N&W moved to set the verdict aside. Concluding that it had erred in instructing the jury upon the theory of res ipsa loquitur, the trial court granted the motion and, over N&W’s objection, ordered a new trial. Upon instructions granted Chrisman relating solely to a theory of proven negligence, the second jury returned a verdict in favor of Chrisman for $115,000. The court confirmed this verdict.
On appeal, N&W’s principal assignments of error present the question whether, upon the evidence submitted at the first trial, final judgment should have been entered in favor of N&W after the first verdict was set aside. Accordingly, we shall examine the evidence presented at the first trial.

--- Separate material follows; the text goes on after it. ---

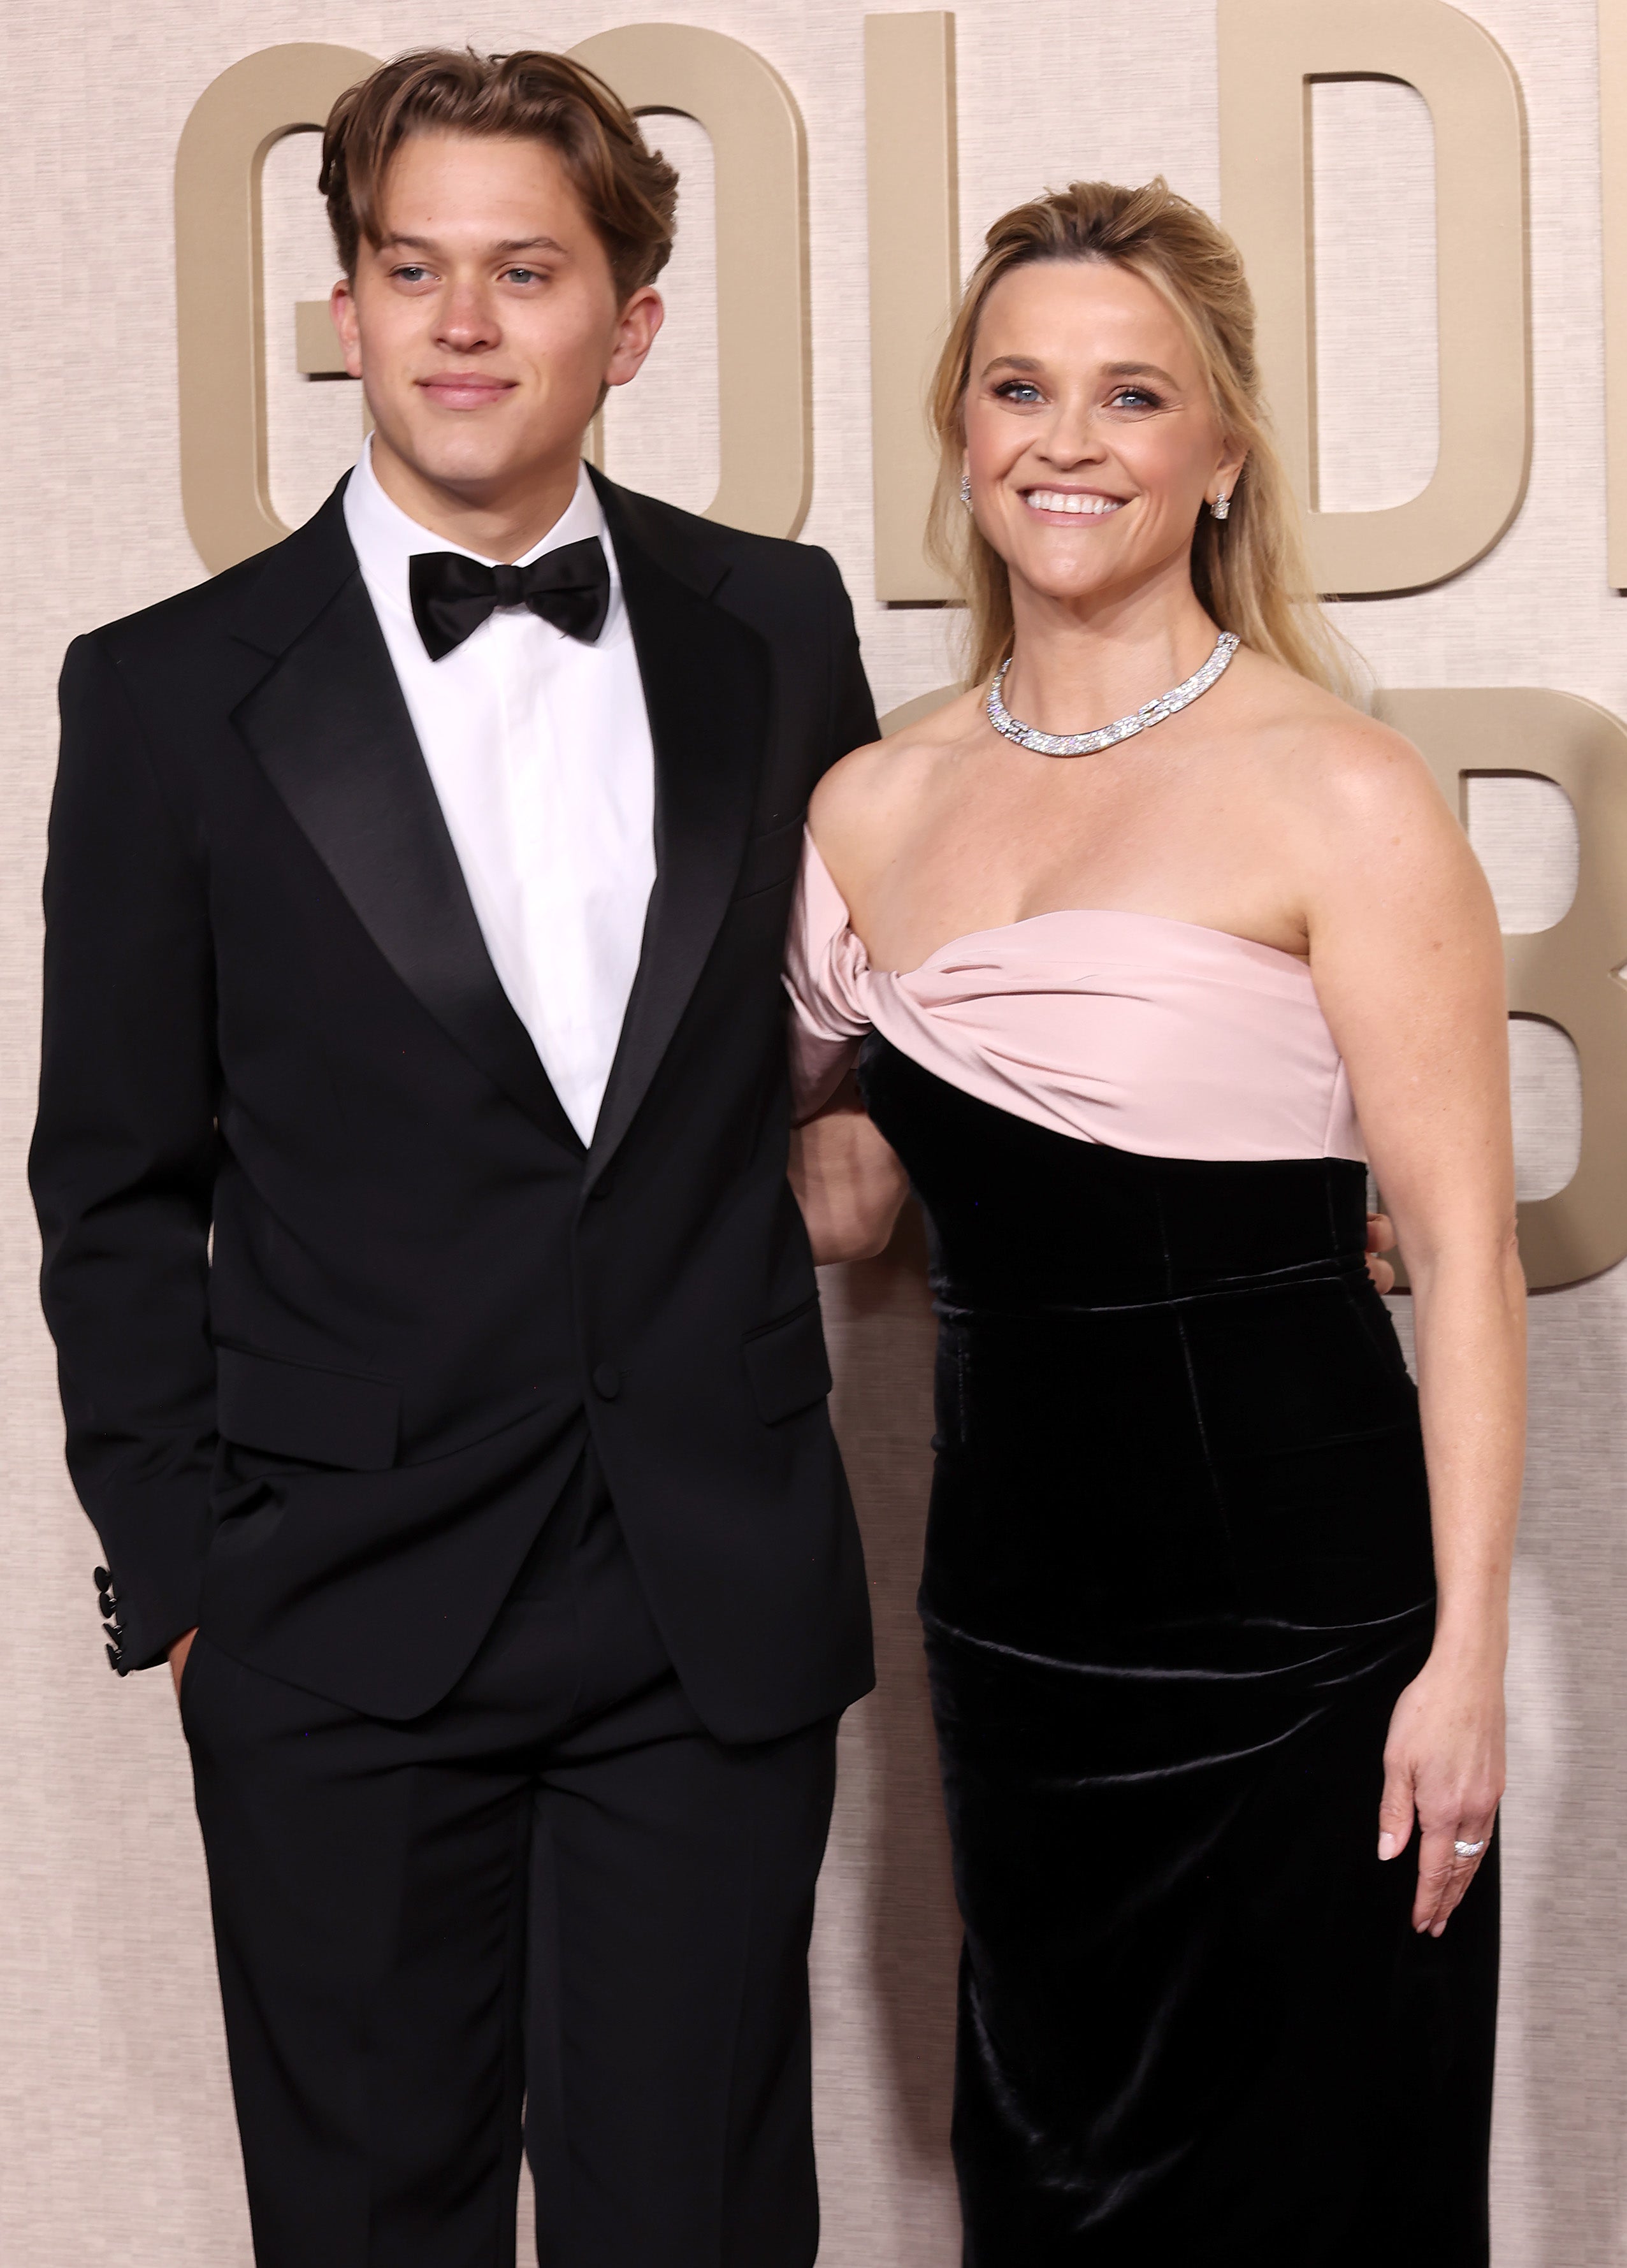 Reese Witherspoon with her son Deacon Reese Phillippe at the Golden Globes

This evidence shows that N&W owned the boxcar in question and furnished it for loading at the Southern States mill in Roanoke. After Southern States’ employees had loaded the car with sacks of feed, N&W transported the car and delivered it to a siding adjacent to the Southern States store at Luray, in Page County.
The boxcar door, six feet wide and ten feet high, was made of steel, and it weighed approximately 400 pounds. Resting upon and attached to a lower rail, the door was held in place at the top by an upper guide or track. This guide or track consisted of a “Z-bar,” or angle iron, one-quarter inch thick and 12 feet 6 inches long, the outer portion of which cupped over the top of the door. When the door was closed, its top extended into the upper guide approximately one inch. When opened and raised on rollers designed to carry it along the lower rail, the door was elevated into the upper guide an additional 1/16 inch.

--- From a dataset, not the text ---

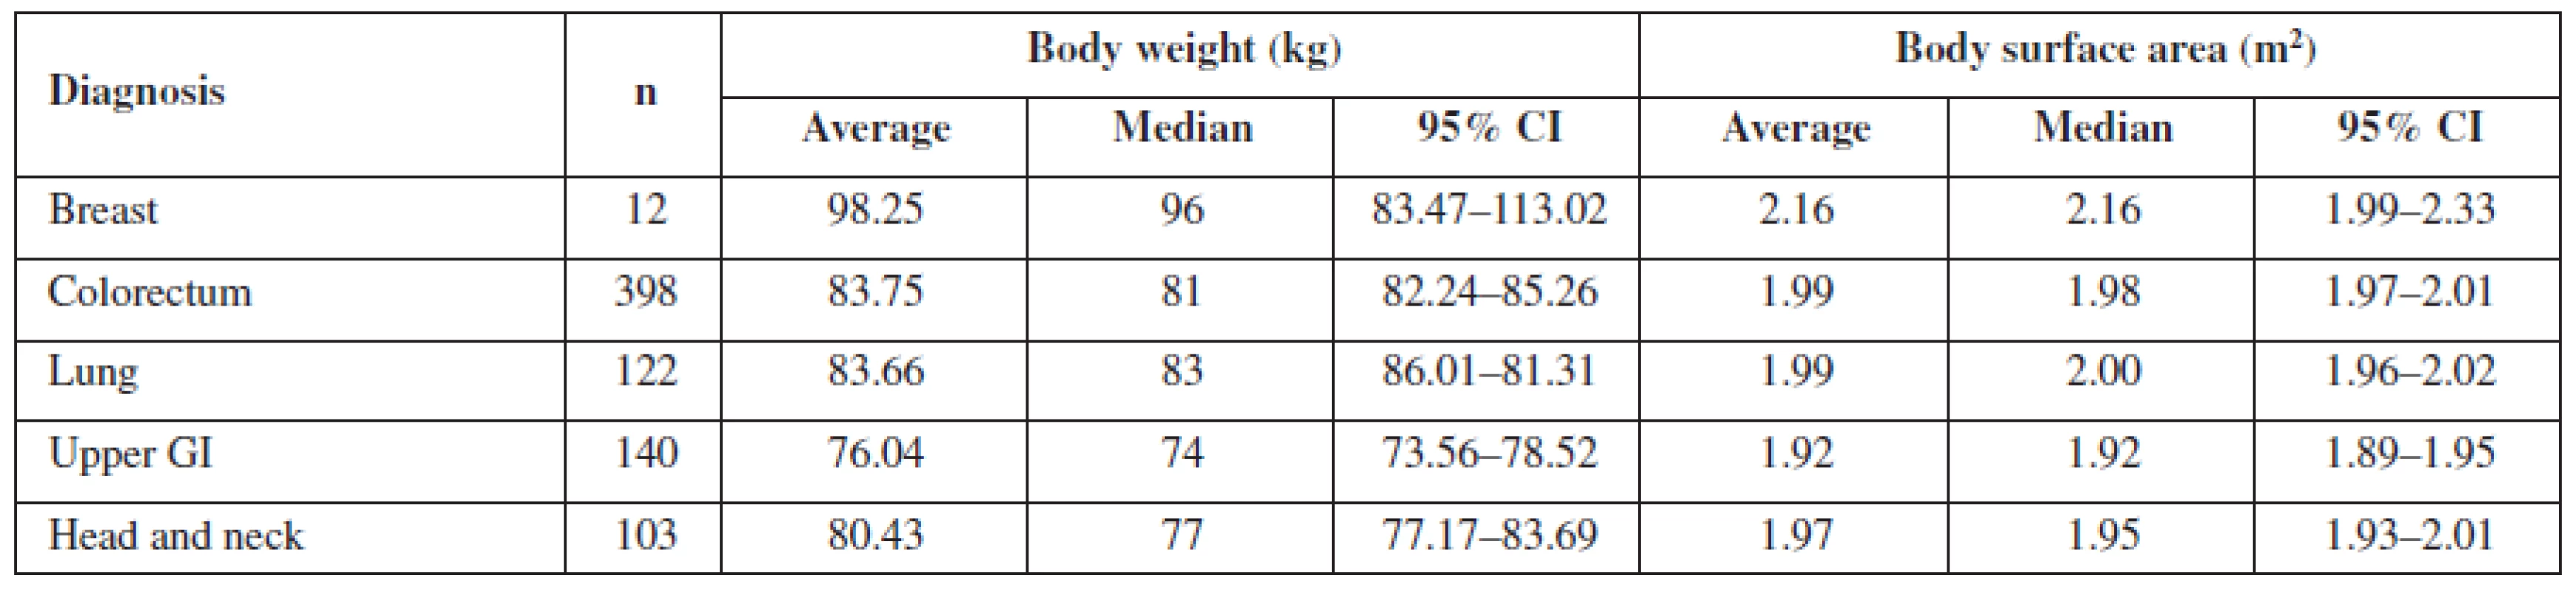 Mean body weight and mean body surface area for particular diagnoses in men

On July 13, 1971, Chrisman was assigned to unload the car. Standing on the platform of Southern States’ store, he attempted to *187 open the car door by hand. Unsuccessful in his attempt, he secured from inside the store a “come-along,” a crank-pulley device he, as well as railroad employees, customarily used to open boxcar doors. He hooked one end of the “come-along” to the handle of the door and the other to the ladder at the end of the car, placing the device in a horizontal position. Kneeling on one knee while cranking the device, he moved along with the door as it opened. When the door was approximately two-thirds open, it came out of the upper track and fell on Chrisman, pinning him to the platform. He was extricated by a fellow employee.

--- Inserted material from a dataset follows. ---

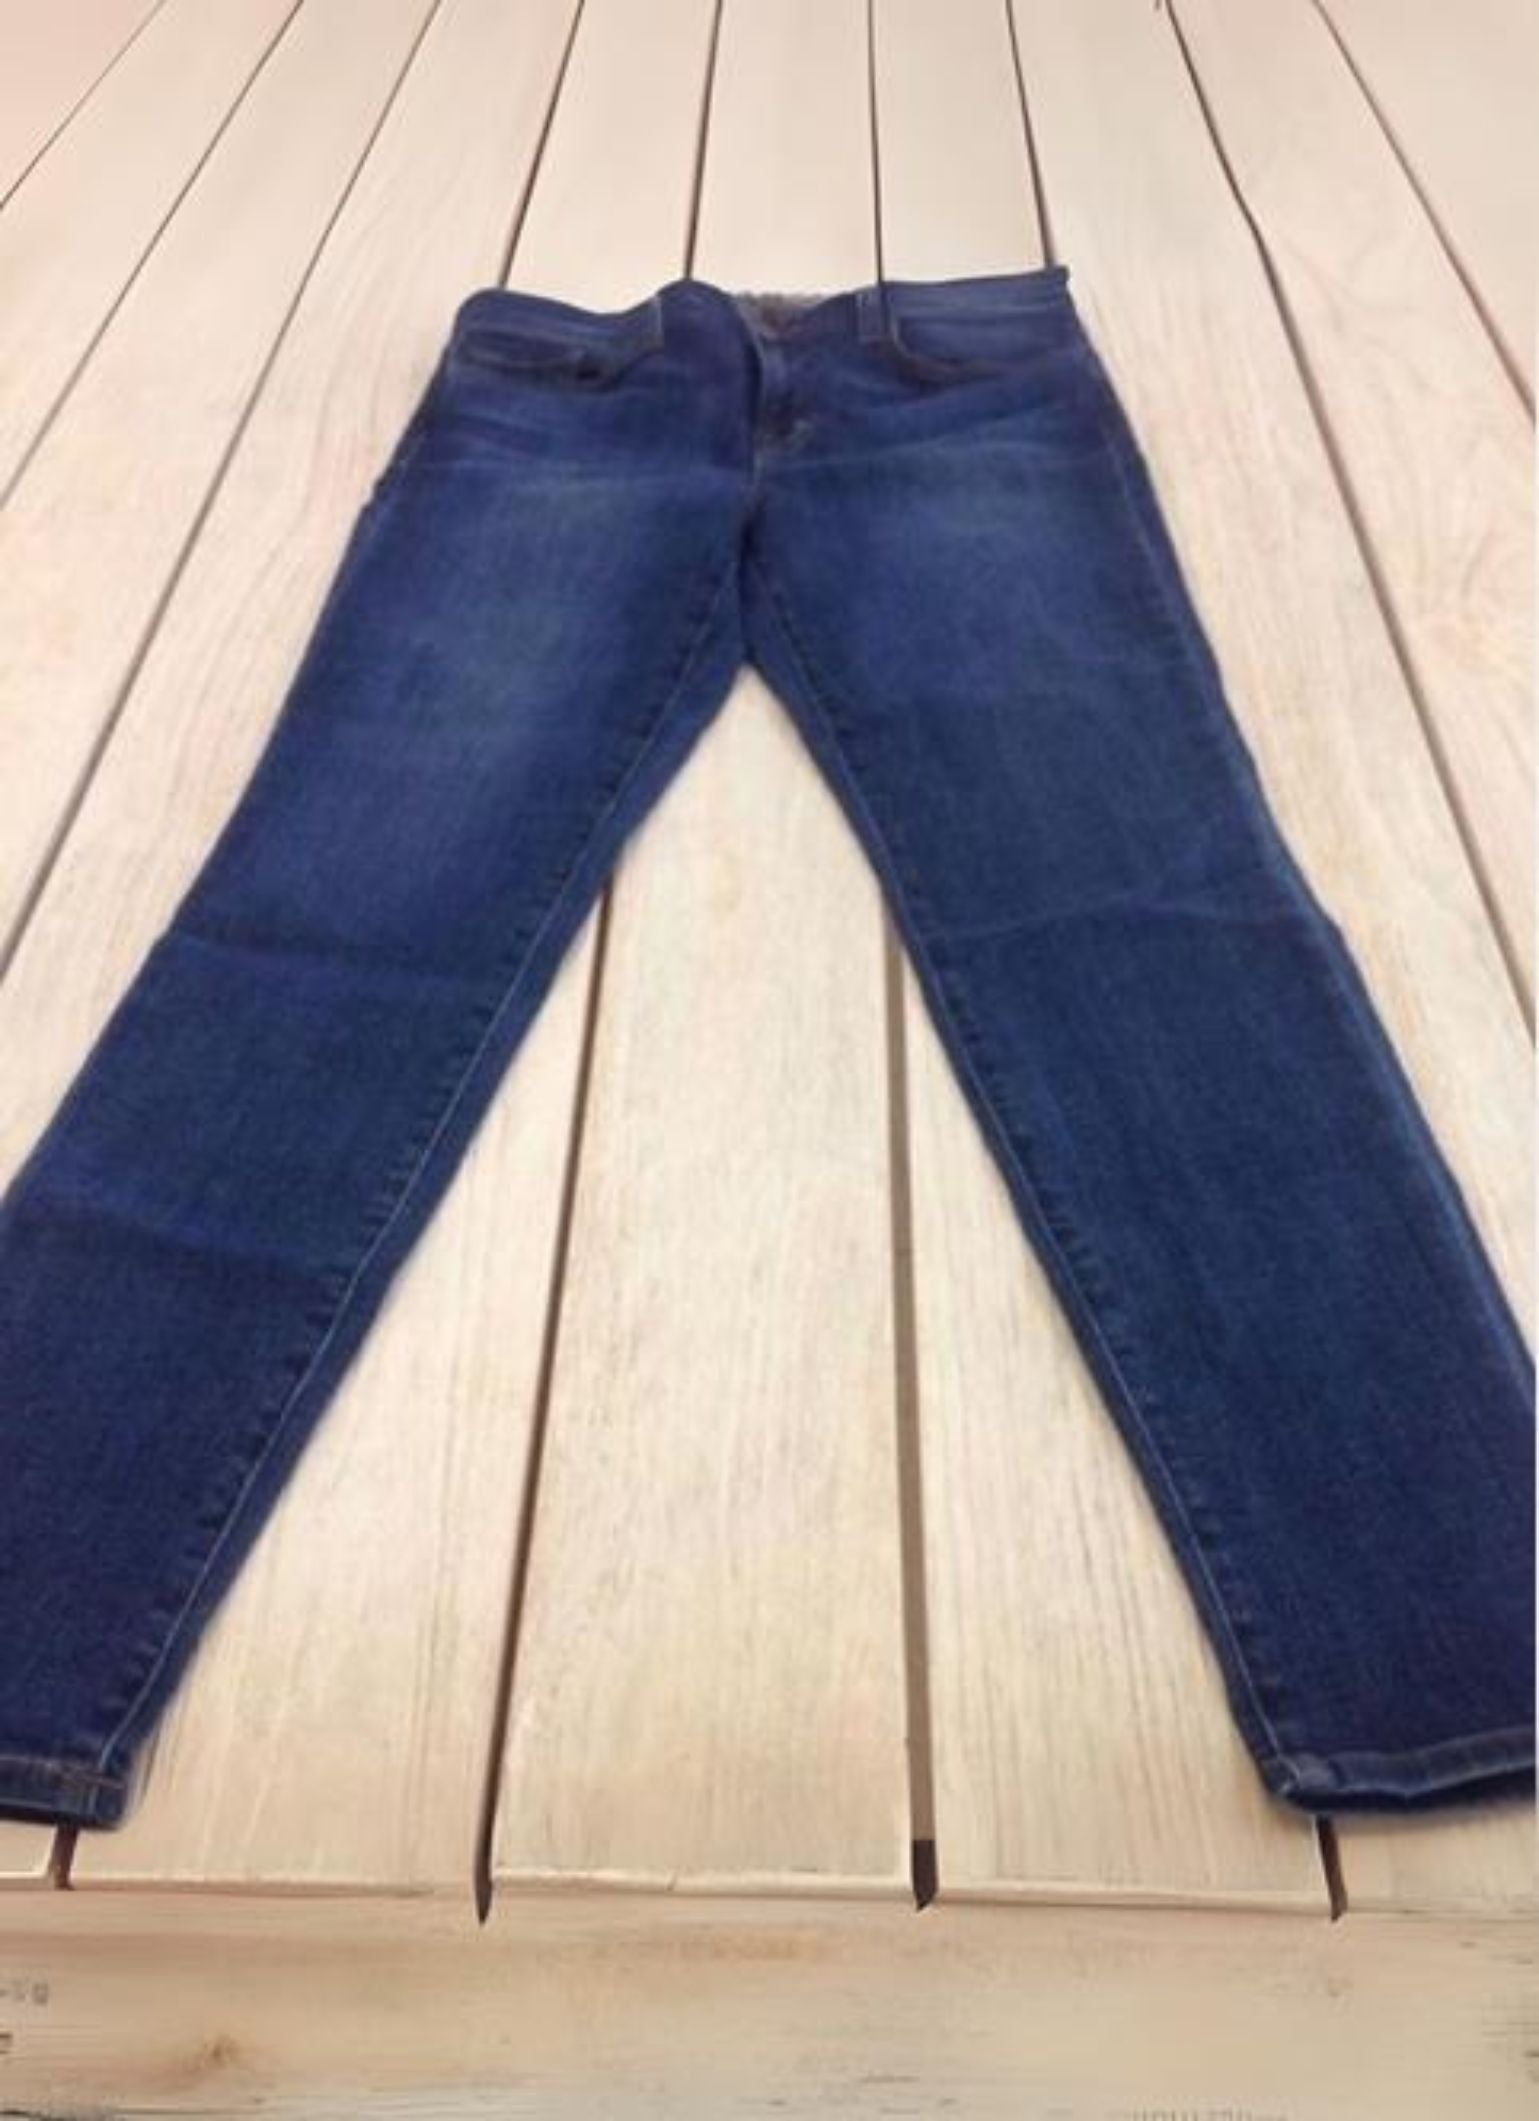 J Brand Jeans - Second Chance

Examination of the boxcar by railroad employees shortly after the accident revealed a defect in the upper door guide, consisting of an area where the outer portion of the guide was “bulged out” by as much as one inch over a length of six inches to one foot. The metal in this and a larger adjacent area, “at some time or another,” had been “heated and straightened,” and the metal was “awful rusty.” According to one railroad employee, “it looked like the door had come out” where the upper track was defective. Another railroad employee acknowledged that, if the “come-along” was “hooked up” in a horizontal position, the door “would not have come off . . . unless there had been some defect in the door or the track.”
N&W contends initially that final judgment should have been entered in its favor after the first verdict was set aside because the evidence was insufficient as a matter of law to show any negligence on its part. Relying upon Veale v. Railway Company, 205 Va. 822, 139 S.E.2d 797 (1965), N&W seems to suggest that it was only an intermediate carrier and that, as such, it owed no duty to inspect the boxcar in question to determine whether it was in a safe condition for unloading.
Veale does stand for the proposition that an intermediate carrier owes no duty to inspect a car to determine whether it is safe for unloading. But Veale also stands for the proposition that a railroad carrier’s duty varies as its relation to the car varies, depending upon whether the railroad company is sought to be held liable as the initial, the intermediate, or the delivering carrier.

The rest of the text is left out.